Any ideas would be greatly appreciated.

Allan
Allan -

Let me put in a plug for pyparsing. I think your problem is tailor-made for
pyparsing's easy-to-use grammar definitions and execution. No special
lexx/yacc-like syntax or RE symbology to master, you assemble your grammar
using simply-named classes (such as Literal, OneOrMore, Word(wordchars),
Optional, etc.) and intuitive operators (+ for sequence, | for greedy
alternation, ^ for longest-match alternation, ~ for, um, Not-tion).

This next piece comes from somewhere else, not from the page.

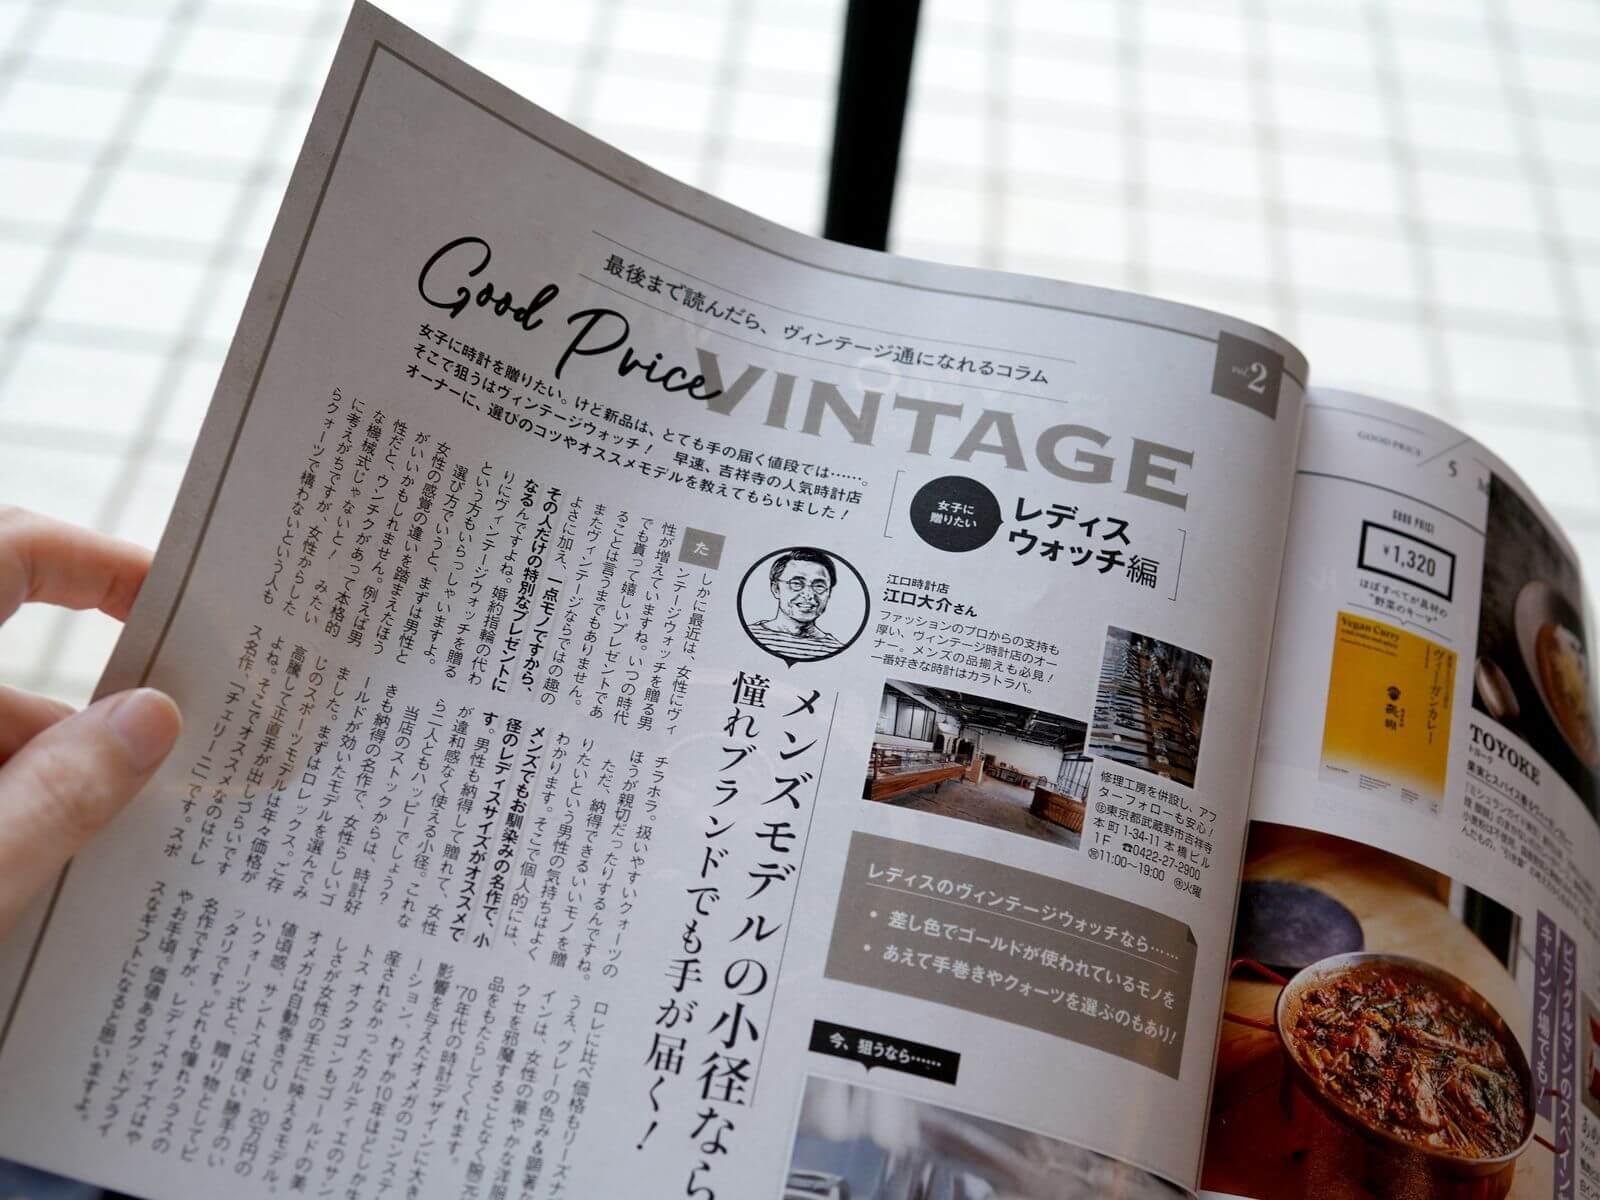 Begin No.393 安くていいモノ暮らし/ Good Price Vintage レディースウォッチ編

A grammar to parse "Hello, World!" might look like:
helloGrammar = Word(alphas) + "," + Word(alphas) + oneOf(". ! ? !! !!!")
which could then parse any of:
Hello, World!
Hello , World !
Hello,World!
Yo, Adrian!!!
Hey, man.
Whattup, dude?

You can associate field names with specific parse elements, so that the
fields can be extracted from the results such as:
helloGrammar = Word(alphas).setResultsName("greeting") + "," + \
Word(alphas).setResultsName("to") + oneOf(". ! ? !! !!!")
results = helloGrammar.parseString( greetingstring )
print results.greeting
print results.to

You can associate parse actions (a la SAX) to fire when matching parse
elements are matched in the input.

You can find the pyparsing home page at http://pyparsing.sourceforge.net.

-- Paul McGuire
 
L

Larry Bates

I think one of the easiest ways to do this is to
write a class that knows how to parse each of the
unique lines. As you are reading through the file/table
and encounter a line like the first, create a new
class instance and pass it the line's contents. The
__init__ method of the class can parse the line and
place each of the field values in an attribute of the
class.

Something like (this is pseudocode):

class linetype01:
#
# Define a list that contains information about how to
# parse a single linetype. The info is fieldname,
# beginning column, ending column, fieldlength
#

_parsinginfo=[('recnum',0,8),
('linetype',8,3),
('dataitem2',11,3),
...)
def __init__(self, linetext):
self.linetext=linetext
for fieldname, begincol, fieldlength in _parsinginfo:
self.__dict__[fieldname]=linetext[begincol,
begincol+fieldlength+1]
return

you would define a class like this for each unique linetype

in main program
import sys

#
# Insert code to open file/table here
#
for line in table:
#
# See which linetype it is
#
linetype=line[8:10]
if linetype == "01":
pline=linetype01(line)
#
# Now you can extract the values by accessing attributes of
# the class.
#
recordnum=pline.recnum
tlinetype=pline.linetype
#
# Do something with the values
#


elif linetype == "55":
pline=linetype55(line)

elif linetype == "20":
pline=linetype20(line)
else:
print "ERROR-Illegal linetype encountered")
sys.exit(2)


Just one of many ways to solve this problem.

-Larry
 
J

Josiah Carlson

01508390019002 11284361000002SUGARPLUM
015083915549 SHORT ON LAST ORDER
0150839220692 000002EA BMC 15 KG 001400

Is the above the format of all possible lines (aside from empty lines)?